Groepen vertonen vaak gedragspatronen en praktijken die (door situaties heen)
heel stabiel en moeilijk te veranderen zijn. Het gaat om ingesleten praktijken, die
worden weerspiegeld in de waarden en normen van een gemeenschap. Dit geheel kan
cultuur genoemd worden. Dit is geen externe maar een interne factor, die tot uiting
komt in de habitus (lichaamshouding) van mensen. Hun lichaam gaat staan naar hun
ervaringen als lid van de groep waartoe zij behoren.
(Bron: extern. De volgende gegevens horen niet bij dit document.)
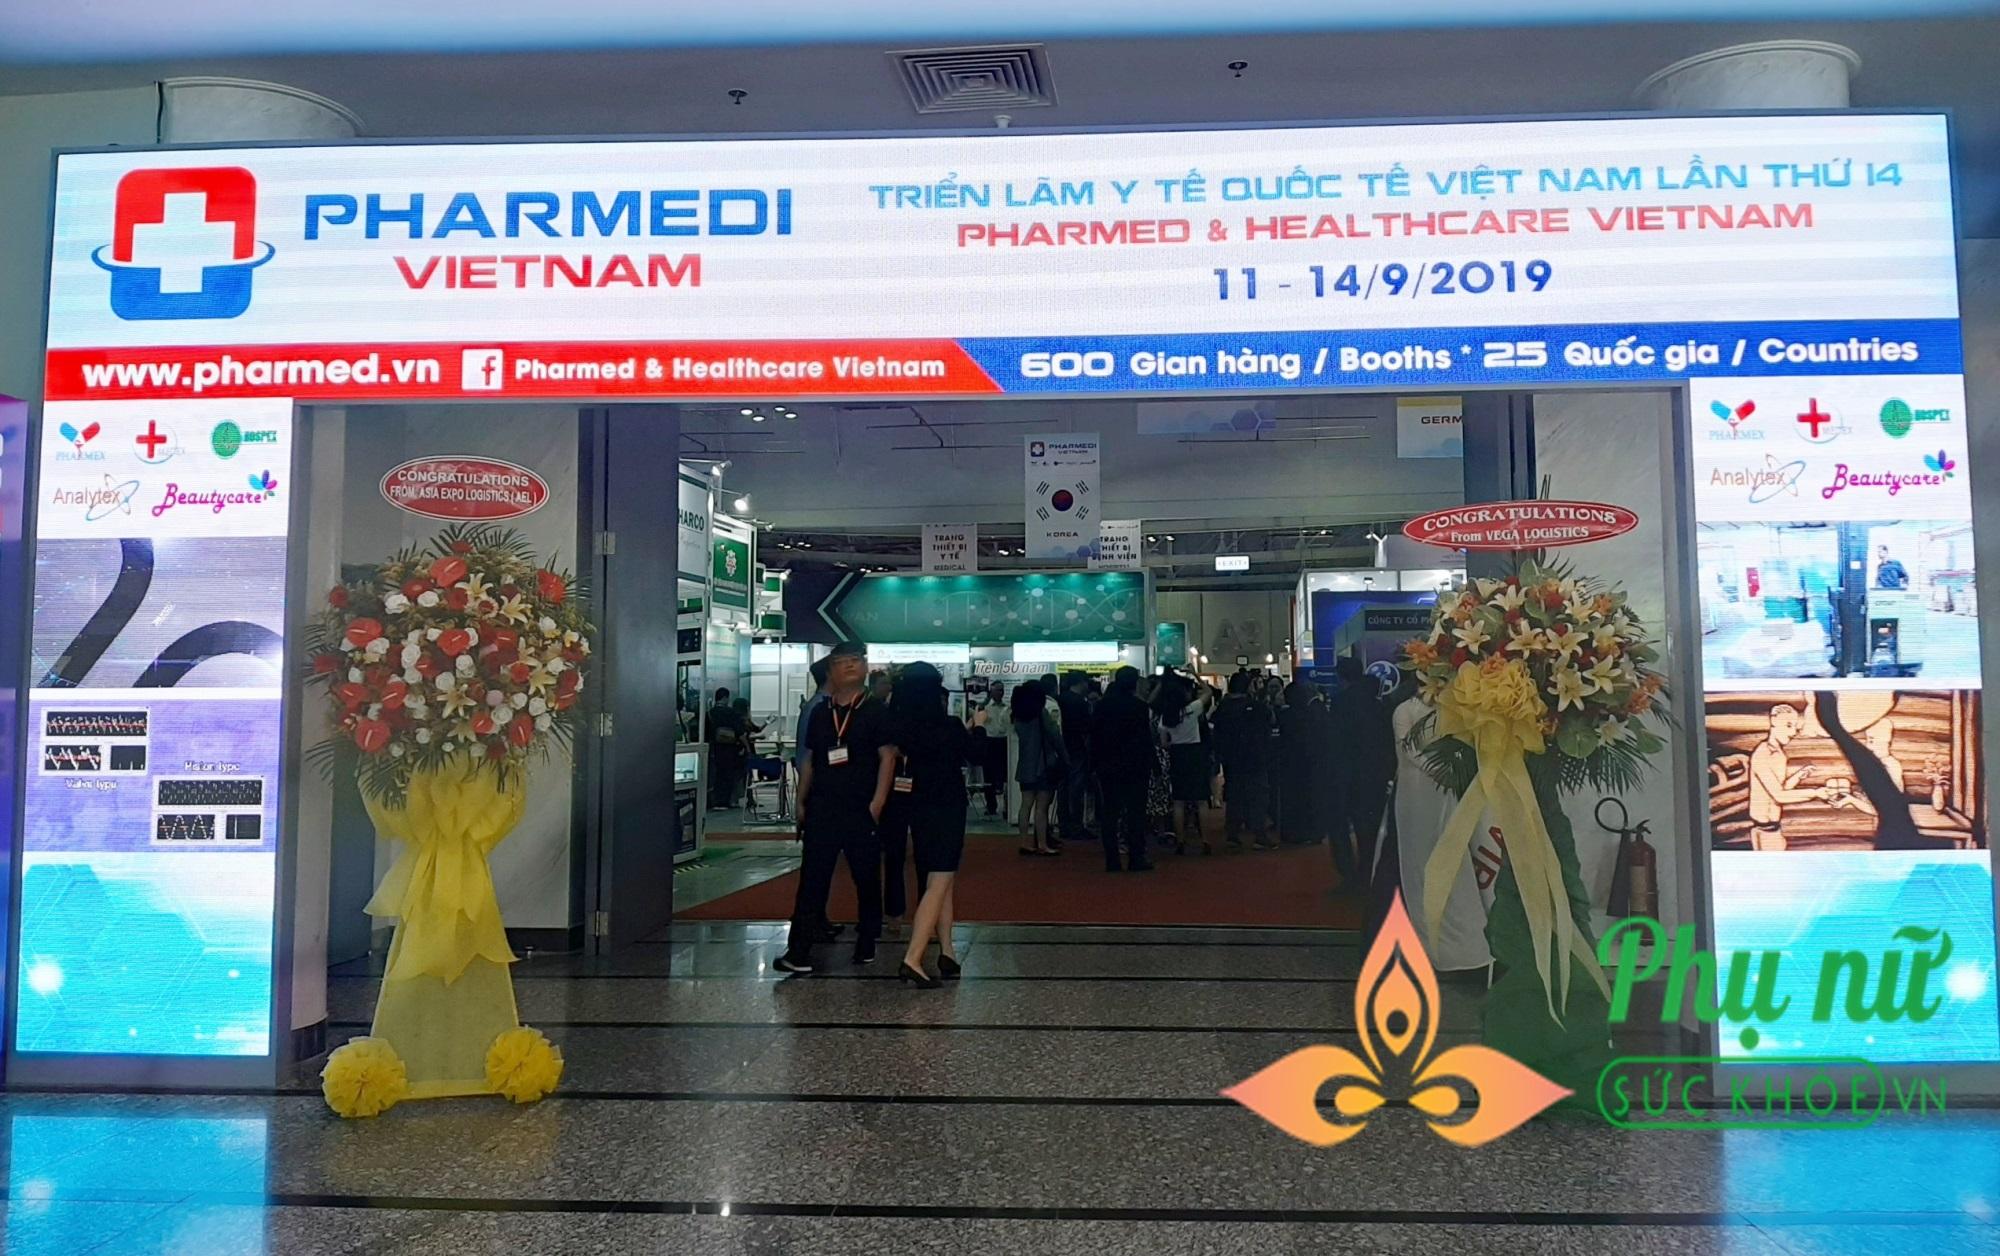 Triển lãm Y tế Quốc tế Việt Nam 2019: Cơ hội vàng giao thương giữa các doanh nghiệp  - Ảnh 1
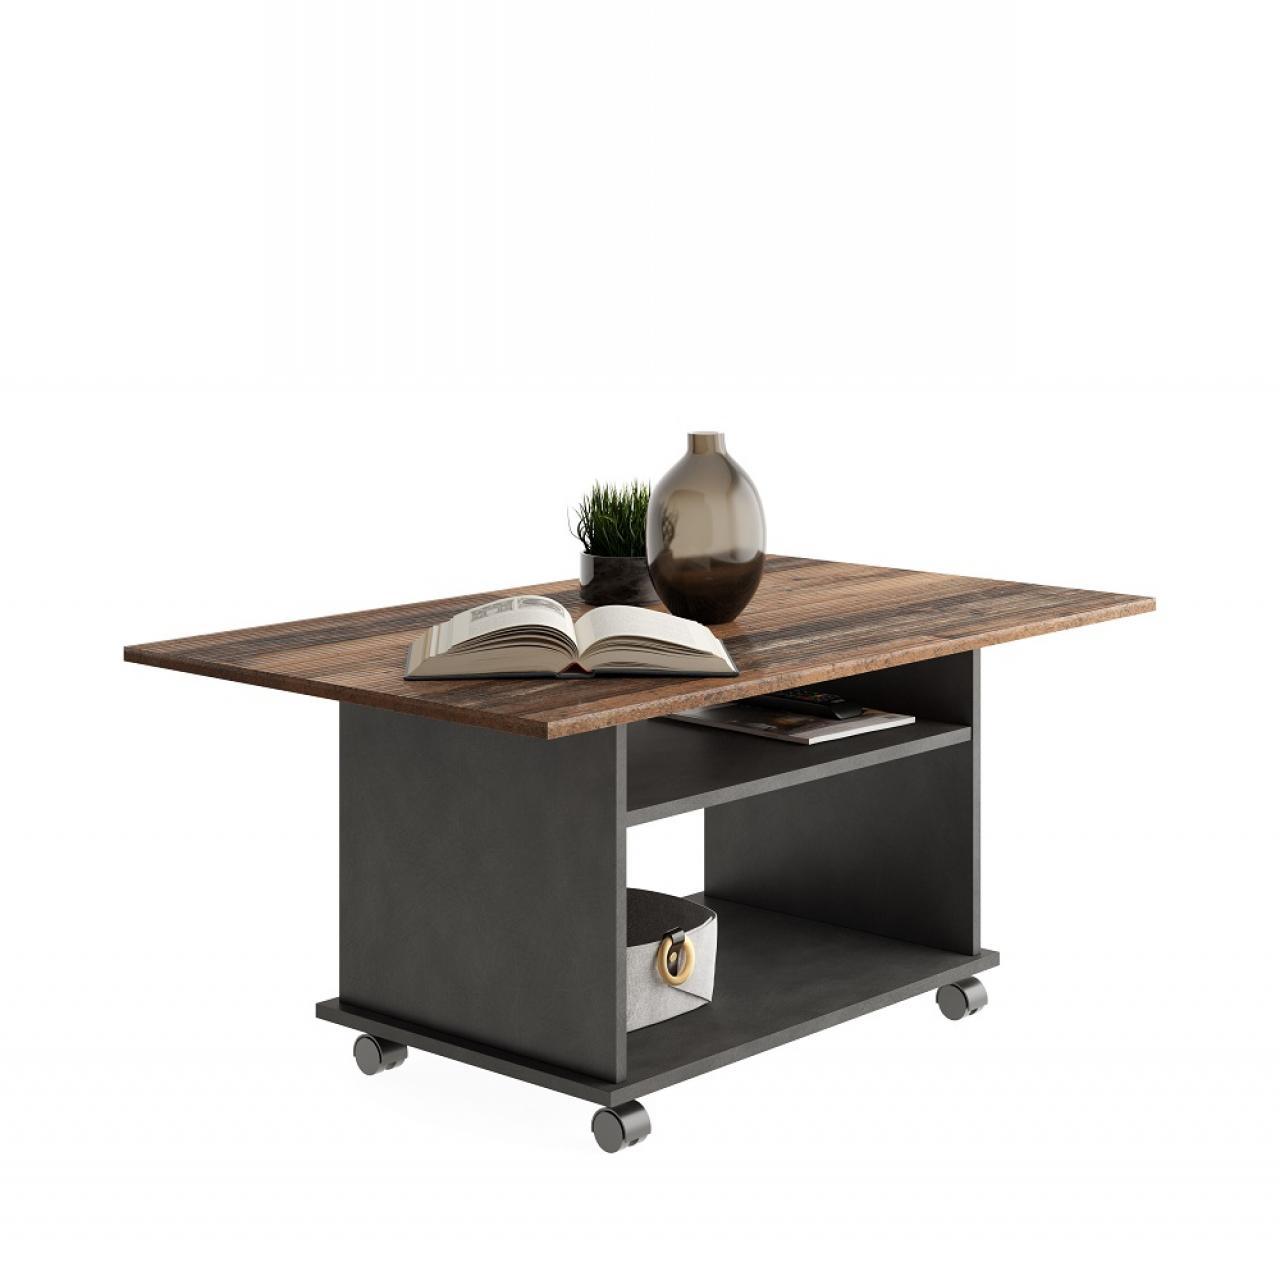 Couchtisch Azur 662-001 Matera Old Style Dunkel Mit Rollen Stubentisch Tisch Beistelltisch

Mensen ontwikkelen instrumenten en systemen in antwoord op de problemen
waarvoor zij zich gesteld zien. In het gedrag vormen zich vaste patronen of praktijken
die identificerend zijn voor de leden van de intrinsiek sociale groep. Dit is een
groep die als groep echt bestaat, dus waarvan mensen zich lid voelen, omdat zij met
elkaar te maken hebben. Het tegenovergestelde hiervan is een aggregraatgroep.
Deze groep wordt ‘geconstrueerd’ oftewel ‘geaggregeerd’ (samengevoegd). Hiervan
kan bv worden gesproken als het gaat over de inwoners van Amsterdam.
De processen van cultuurvorming kunnen gepaard gaan met de volgende problemen:
- Probleemoplossingen en gedragspatronen ‘uit de tijd’ raken doordat men bv
onvoldoende moderniseert of zich onvoldoende aanpast aan andere groepen die
zich wel tijdig aanpassen. Dit noemen we culturele arresten.
- Gedragspatronen die op individueel niveau functioneel zijn, kunnen op collectief
niveau nieuwe problemen veroorzaken (sociale dilemma’s).
- Gedragspatronen van groepen kunnen botsen, omdat elke groep zijn eigen
praktijken heeft ontwikkeld (conflicten).
Om de problemen te beperken, zijn 2 belangrijke processen nodig:
- Leren, mensen moeten het gewenste gedrag aanleren. Hierbij gaat het om
gewenste kennis, vaardigheden en professionele houding. Dit gedrag wordt
vaak terloops ontwikkeld, zonder veel bewuste aandacht. Door dit automatische
leren ontstaat er automatisch gedrag. Dit gedrag is door priming makkelijk
te activeren.
- Communicatie, in de interactie tussen mensen komen praktijken tot stand. 3
belangrijke identificatiemiddelen zorgen ervoor dat mensen vorm kunnen geven
aan hun lidmaatschap van een intrinsiek sociale groep, namelijk afspraken,
conventies (bv kledingvoorschriften) en arrangementen (materieel vastliggende
gedragssturingen, bv taalgebruik). Daarnaast is er ook sprake van een
discours, een verhaal dat doorverteld wordt over wat men in de gemeenschap
belangrijk vindt en hoe men tegen zaken aankijkt. Zo ontstaan de
referentiekaders voor alledaagse gedragingen.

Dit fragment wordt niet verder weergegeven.